Йорн ушел, а я осторожно пришил на грудь скафандра полоску с именем, которую мама вышила синими нитками. На ней было написано: «Баз Олдрин». Только так и должно было быть. И смотрелось неплохо.

Наступила пятница. Погода стояла замечательная, настоящий погожий декабрьский денек. Сегодня я с ней опять не разговаривал, не знаю, в чем было дело, повода не нашлось или перепугался до смерти. Я размышлял, к чему это может привести. Думал, что потревожу ее мир и в моем мире нарушится порядок. Что поезд мой сойдет с рельсов и вода помутнеет. Я пытался придумать, как мне ее забыть.

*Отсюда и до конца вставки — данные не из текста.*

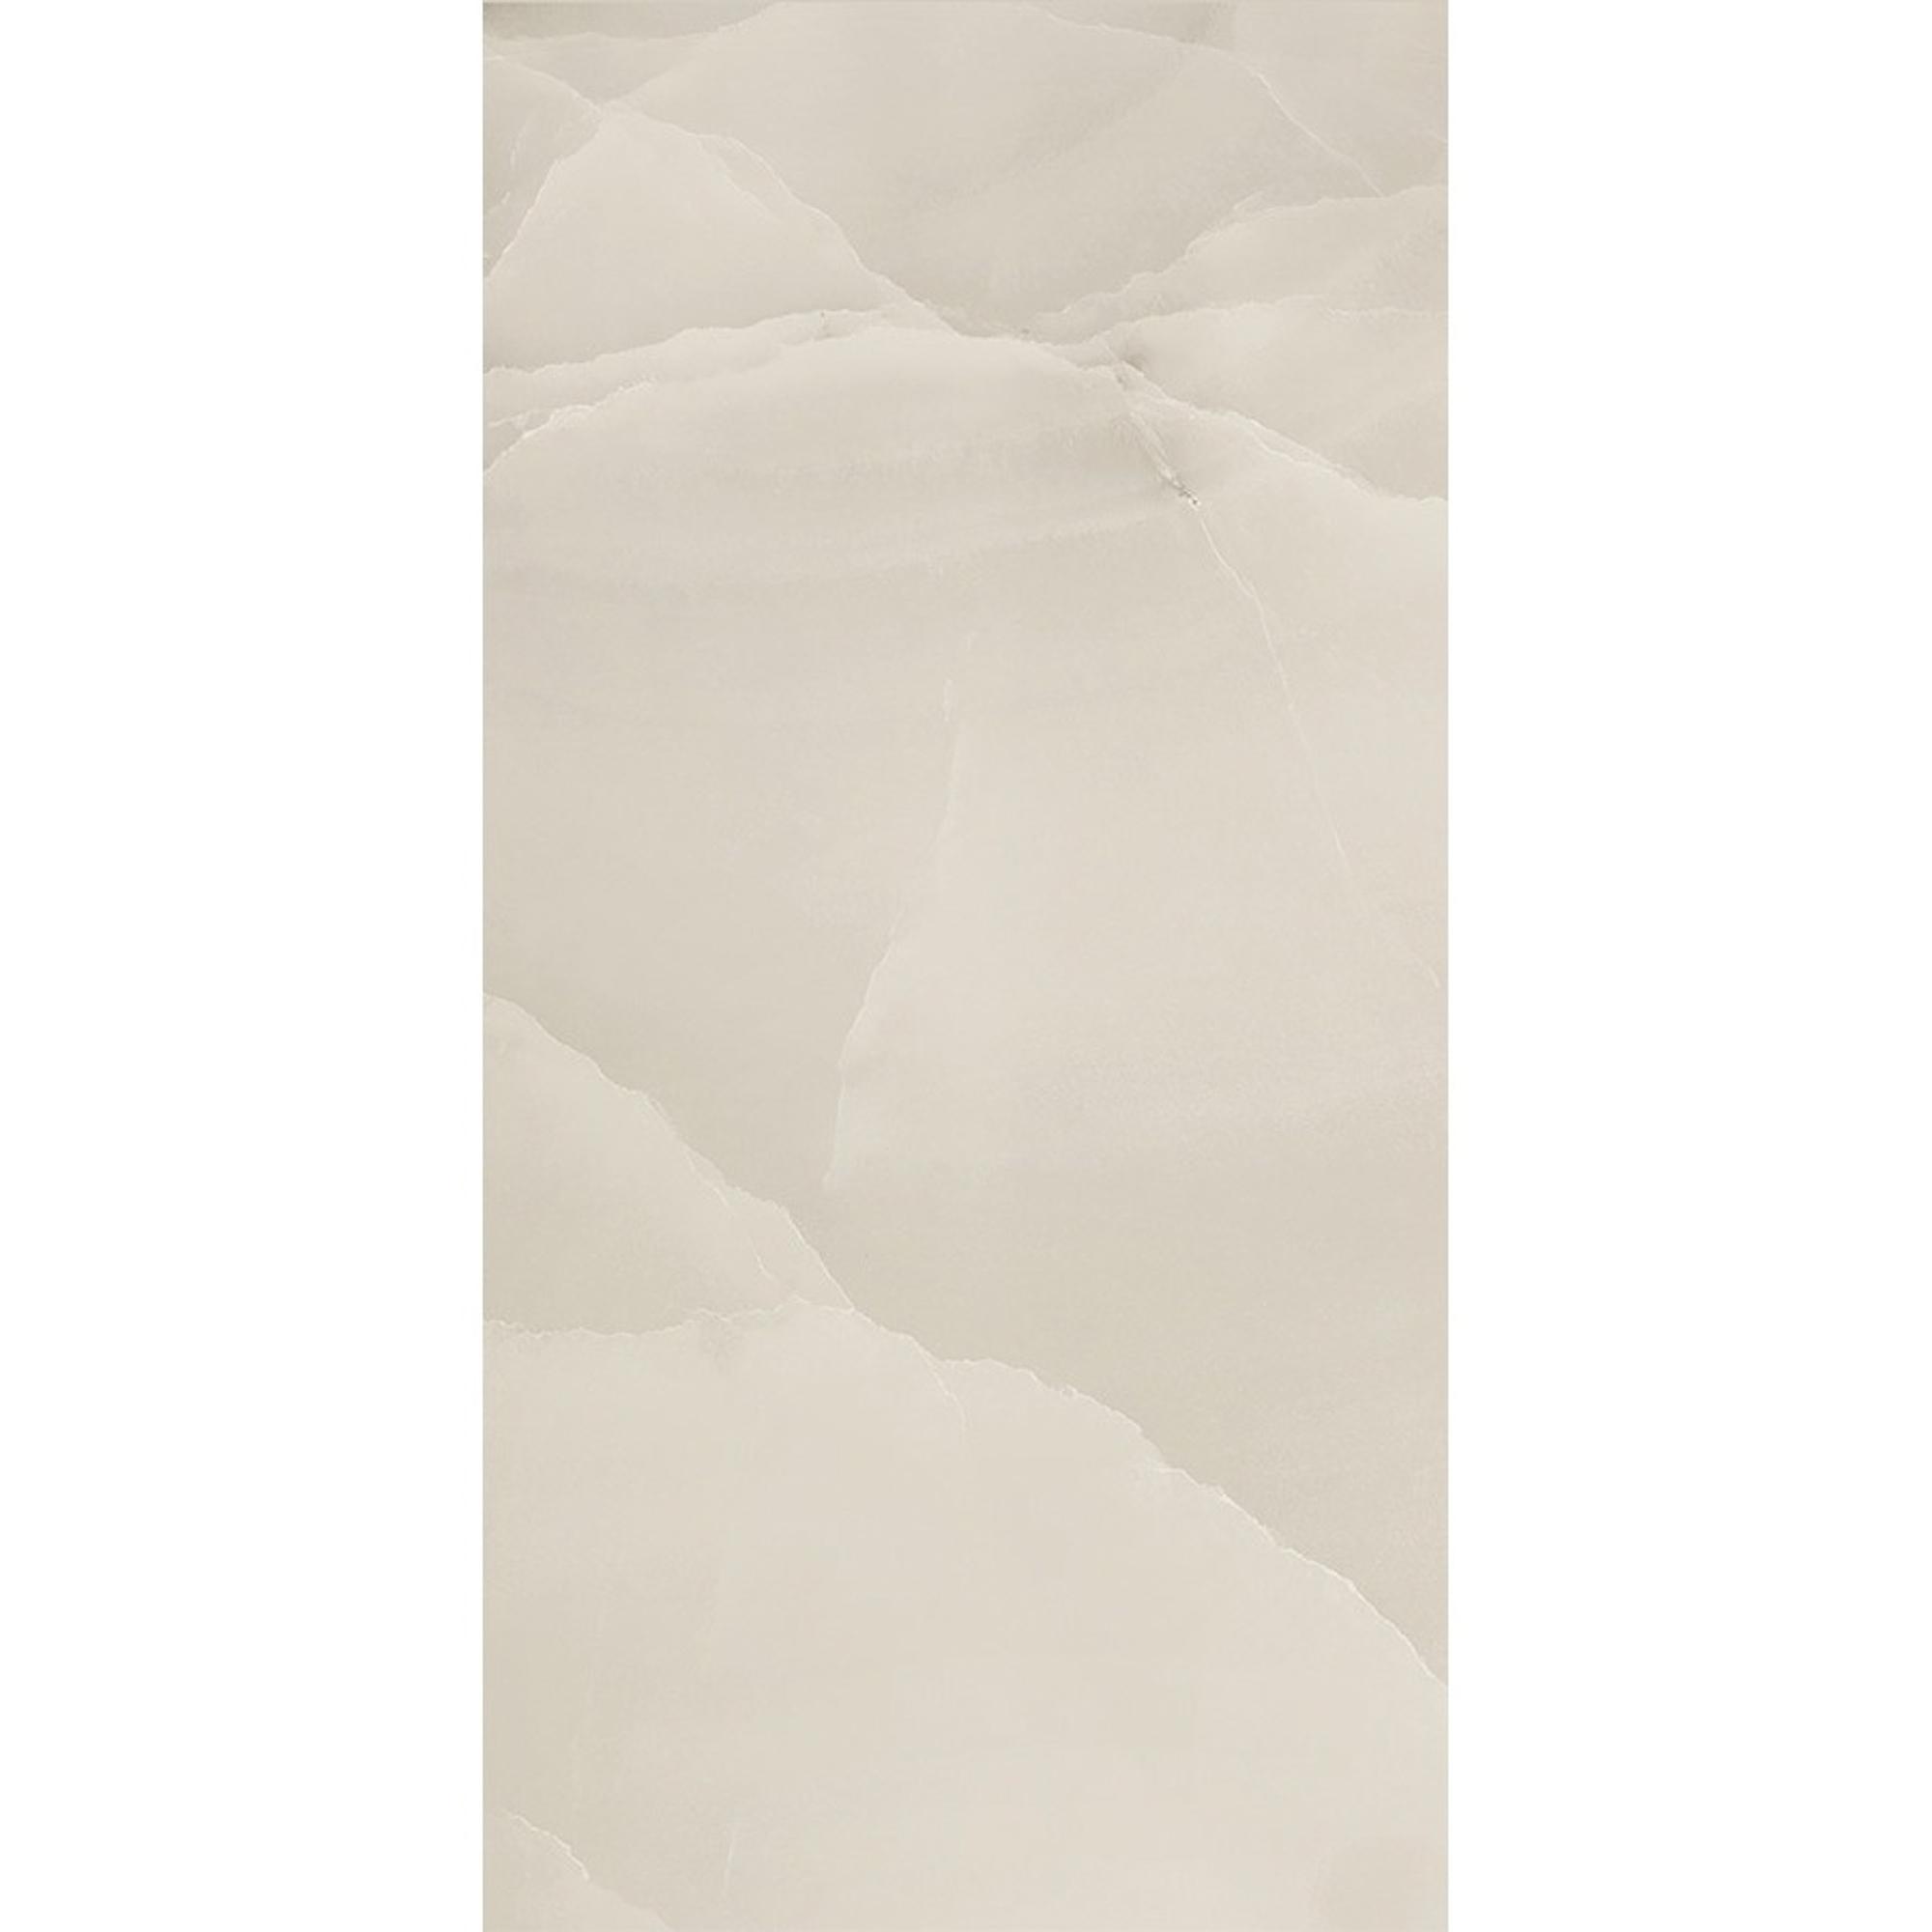 Декор Керлайф Classico Onice Gris 1 1c 31.5*63 см настенная плитка kerlife stella blu 1c 31 5x63

Перестать тревожится о ней, попытаться сосредоточиться на общеизвестных фактах — что планеты крутятся вокруг солнца, что вот сейчас по всему миру взлетают и садятся самолеты и ничего им не мешает. Я искал вескую причину, чтобы бросить все эти мысли, и не находил.

Пятница.

Часы, проведенные перед телевизором в ожидании.

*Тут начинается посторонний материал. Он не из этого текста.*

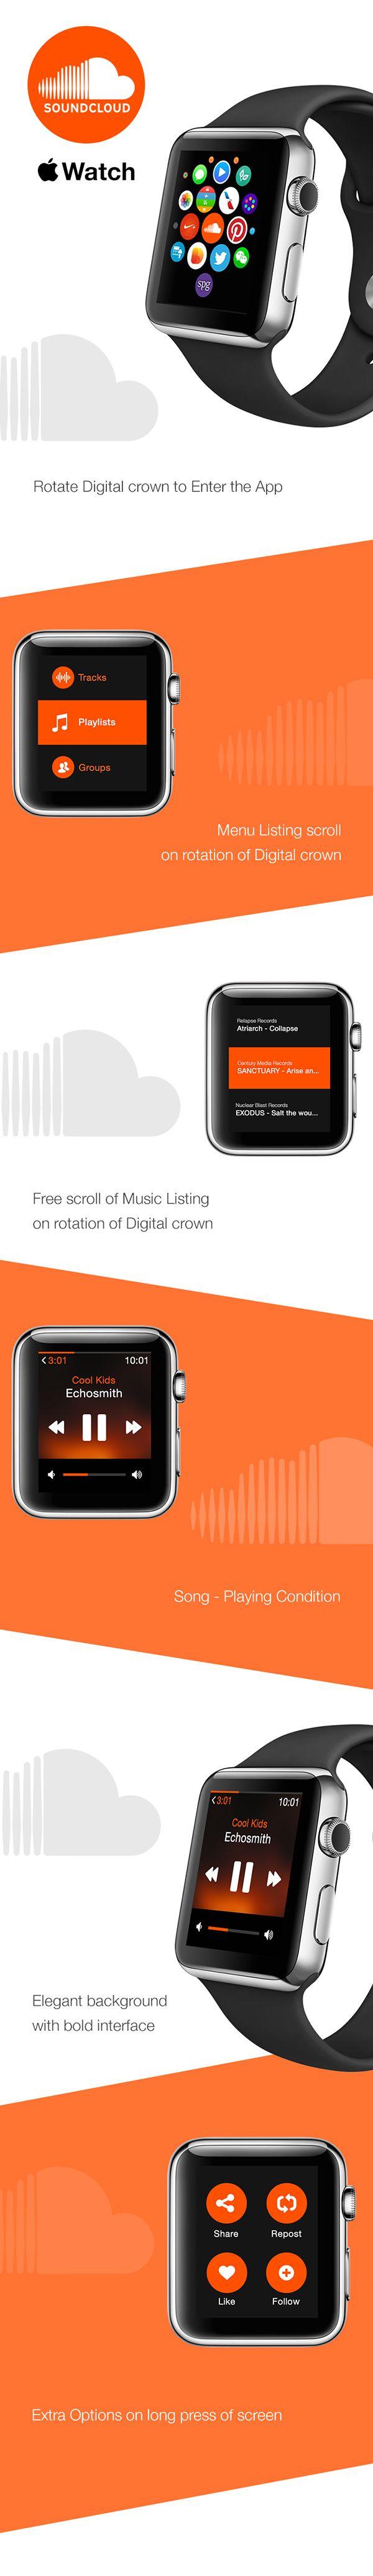 Soundcloud Apple watch on Behance Apple watch design

«Пернилла и мистер Нельсон».

«Звездные войны».

Шоу Пэта Шарпа.

Прощальный концерт Уэм по НРК.

Like the sand in an hourglass, there are the days of our lives.

Я позвонил Йорну, он уже собрался, ага, он через полчаса выходит, а Роар уже отправился в школу, Роар всегда приходил пораньше, так оно и было, и мне это нравилось. В семье Роара всем всегда было некогда, у них всегда была куча дел, может, поэтому он и пытался опередить всех, будто стараясь проскользнуть незамеченным.

Пятница.

С пятницами надо поосторожней.

Они обещают слишком уж многое.

Они словно рецензия на кинофильм.

Лишь в редких случаях предсказанное ими сбывается.

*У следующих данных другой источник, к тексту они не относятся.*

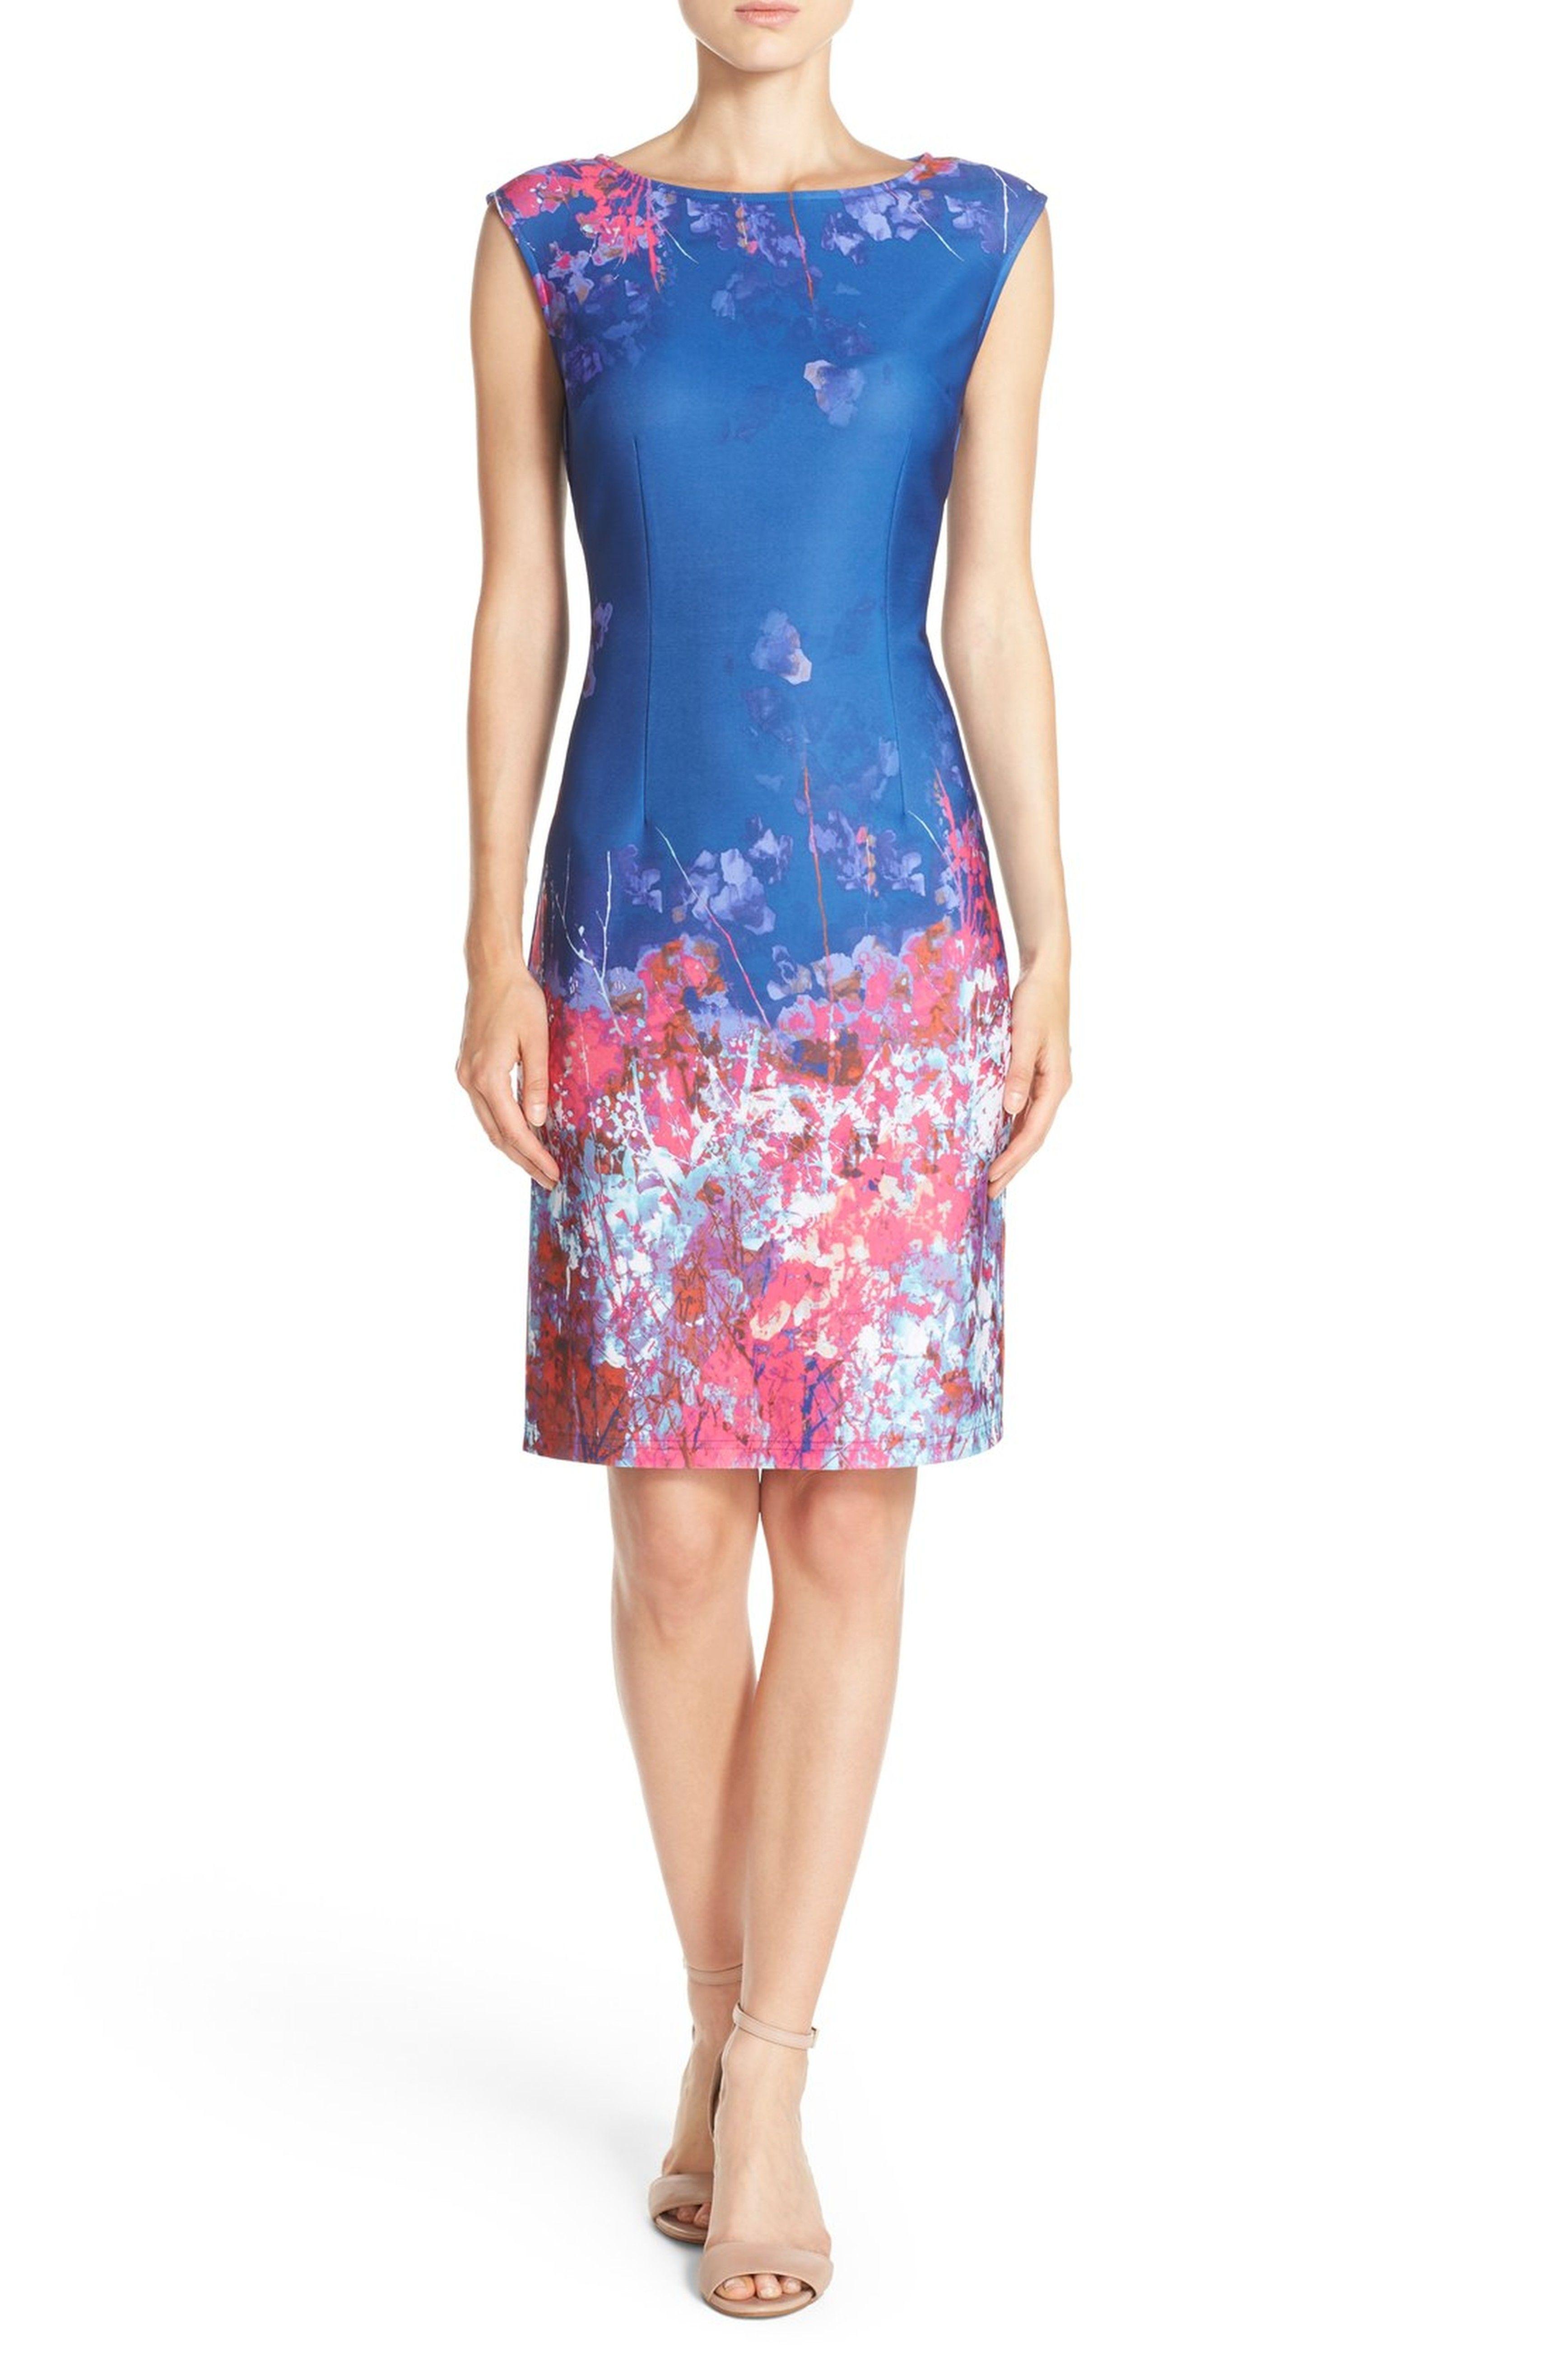 7f1a773729e Main Image - Adrianna Papell Floral Border Print Scuba Sheath Dress ...

Большинство пятниц — просто-напросто продолжение недели.

«Назад в будущее. Часть 3».

Я вышел из дому пораньше и сел на автобус. Мне не хотелось тащиться через весь город в костюме, поэтому я положил его в большую сумку и собирался переодеться прямо в школьной раздевалке.

Шел сильный снег, я прямо-таки продирался сквозь метель, низко наклонив голову, чтобы снежинки не попадали в глаза. Снег под белыми снегоступами хрустел, а я шел на праздник, на который в обычном случае ни за что не пошел бы. Но случай был необычным, потому что осенью 86-го обычаи не соблюдались.

Подойдя к школе, я увидел на снегу многочисленные следы, а это означало, что кто-то уже пришел. Я решил пройти в раздевалку не через спортивный зал, как думал сначала, а обойти вокруг и войти через заднюю дверь. Хорошо бы она была не заперта.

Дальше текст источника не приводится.